"Let books be your dining table, / And you shall be full of delights. / Let them be your
And you shall sleep restful nights" (St. Ephraim the Syrian).

Wednesday, November 22, 2017

Ultramontanism and Vatican I

The relative neglect of Vatican I by modern anglophone scholars has long amazed me--though the fact this council is so overwhelmingly outnumbered by books on Vatican II surprises nobody. Nevertheless, Vatican I remains the most revolutionary council in modern history in many ways. Apart from Margaret O'Gara's 1988 book Triumph in Defeat: Infallibility, Vatican I, and the French Minority Bishops, and more recently Richard Costigan's important The Consensus of the Church and Papal Infallibility: a Study in the Background of Vatican I, one finds very few serious studies (in English at least) on this most problematic of councils.

That gap, however, is soon to be happily filled by two books from very important and respected authors who are no strangers to the topic at all. The first comes from John Quinn, the retired Roman Catholic archbishop of San Francisco who, ten years ago now, authored a very useful and challenging book, The Reform of the Papacy: the Costly Call to Christian Unity.

Quinn returns to the topic in a new book, just released: Revered and Reviled: A Reexamination of Vatican Council I (Crossroad, 2017),128pp. I've just received it in the mail this month and, it being a short book covering much familiar territory, read it in a day. I will have more to say about it on here later.

About this newest book of his, the publisher tells us:
Revered and Reviled explores the ways that Vatican Council I influenced the important issues of papal primacy and the infallible teaching magisterium of the Pope. The book clarifies and corrects many misunderstood concepts and conclusions about the first Council. Although this is, first and foremost, a church history, it is written with the educated lay reader in mind. Vatican Council I laid the groundwork for critical issues relating to the Pope's power, especially the subjects of papal primacy and infallibility. The Council's conclusion remain important today, as Pope Francis looks toward synodality as the way of the Catholic Church.
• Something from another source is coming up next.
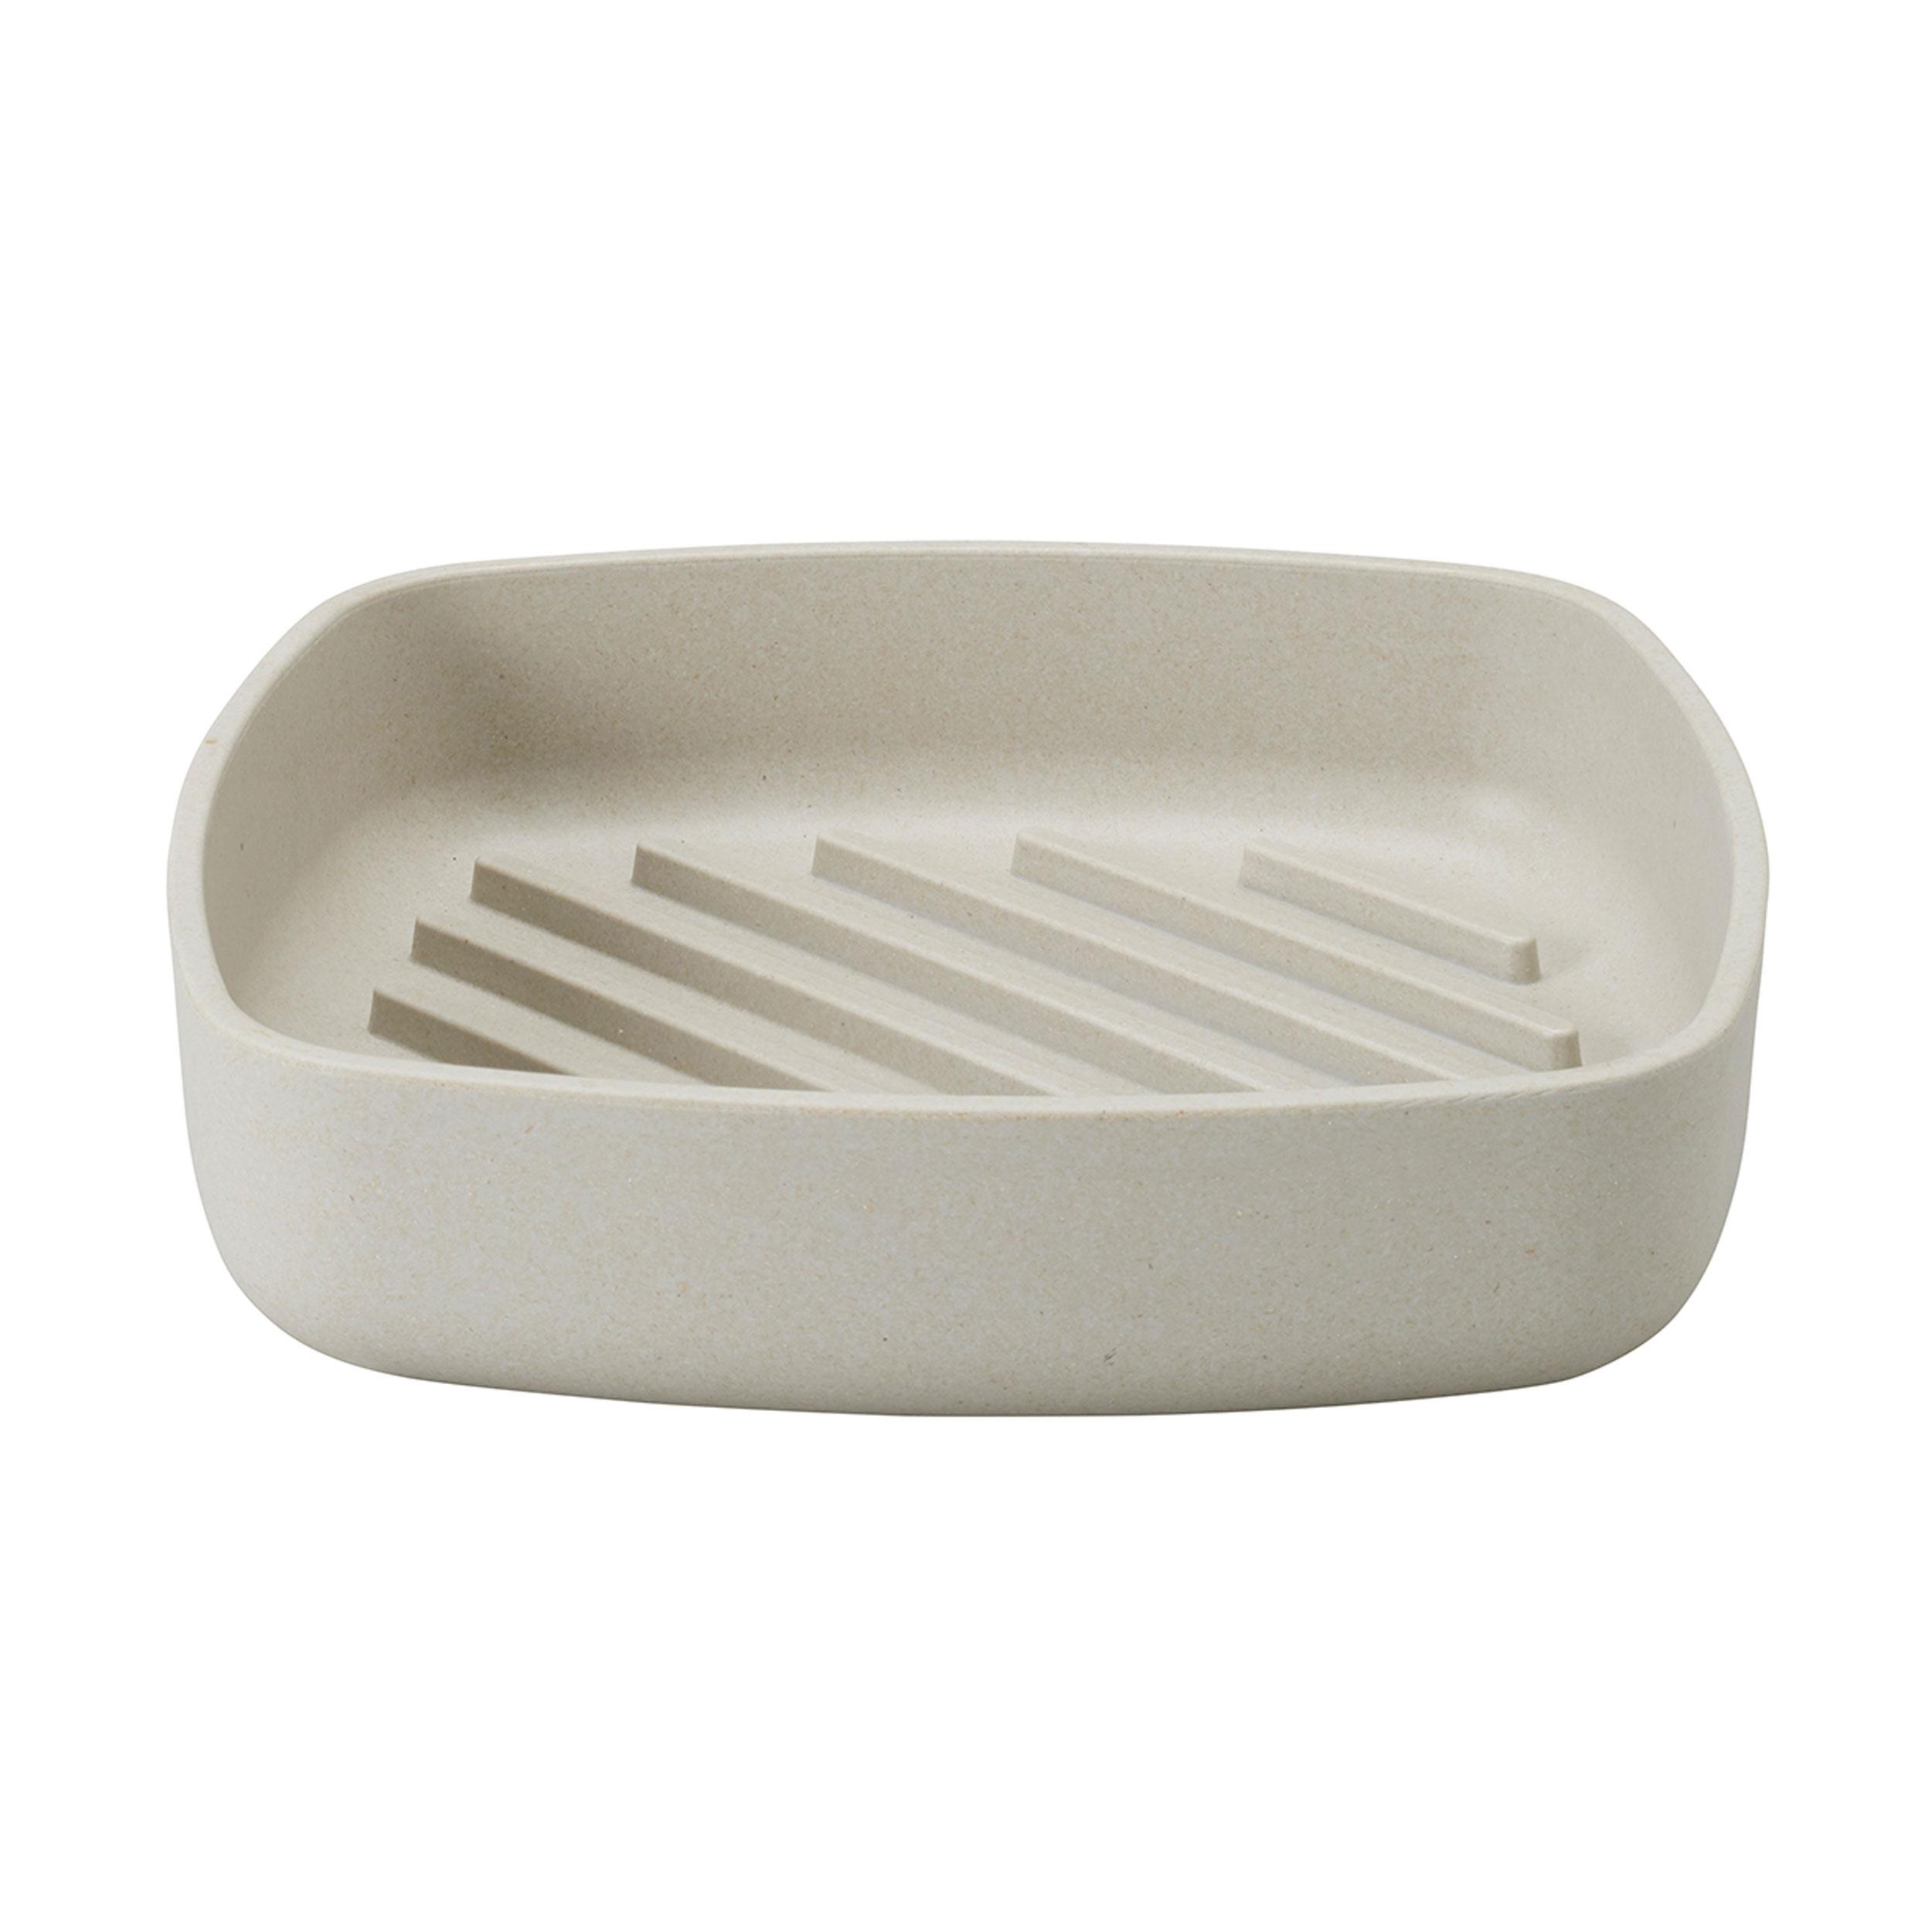 Stelton Brotkorb rig tig tray it bread tray bowl box breadbasket melamine grey

In essence, Revered and Reviled is hugely important because it is the first book to correct long-held misconceptions that have guided the philosophical position of the Catholic church for the last 145 years. With broad distribution, it should impact Catholic scholars, theologians and the faithful around the world.
The second book to treat Vatican I will be appearing from Harvard University Press next May, authored by the well-known and widely respected Jesuit historian John O'Malley:Vatican IThe Council and the Making of the Ultramontane Church.

O'Malley's book is greatly to be welcomed. We brought him to the University of Saint Francis about five years ago, and I had the happy task of picking him up from the airport in Indianapolis. I volunteered to do this so that I could have two uninterrupted hours with him talking about the papacy (about which I have had a few things to say), time which was greatly enjoyable and edifying, not least for our discussion of how 1940s Vatican bureaucrats cleaned up the columns of "anti-popes" in the Annuario Pontificio, which should surprise nobody who has read Francis Oakley's deeply disturbing book The Conciliarist Tradition: Constitutionalism in the Catholic Church 1300-1870.

O'Malley, a widely published and respected historian, has written books on, inter alia, the councils of Trent and Vatican II, both of which are fascinating.

And now, in the midst of heated debates over papal authority under Francis, we have his newest book forthcoming, about which the publisher tells us:

The enduring influence of the Catholic Church has many sources—its spiritual and intellectual appeal, missionary achievements, wealth, diplomatic effectiveness, and stable hierarchy. But in the first half of the nineteenth century, the foundations upon which the church had rested for centuries were shaken. In the eyes of many thoughtful people, liberalism in the guise of liberty, equality, and fraternity was the quintessence of the evils that shook those foundations. At the Vatican Council of 1869–1870, the church made a dramatic effort to set things right by defining the doctrine of papal infallibility.
In Vatican I: The Council and the Making of the Ultramontane Church, John W. O’Malley draws us into the bitter controversies over papal infallibility that at one point seemed destined to rend the church in two. Archbishop Henry Manning was the principal driving force for the definition, and Lord Acton was his brilliant counterpart on the other side. But they shrink in significance alongside Pope Pius IX, whose zeal for the definition was so notable that it raised questions about the very legitimacy of the council. Entering the fray were politicians such as Gladstone and Bismarck. The growing tension in the council played out within the larger drama of the seizure of the Papal States by Italian forces and its seemingly inevitable consequence, the conquest of Rome itself.
Largely as a result of the council and its aftermath, the Catholic Church became more pope-centered than ever before. In the terminology of the period, it became ultramontane.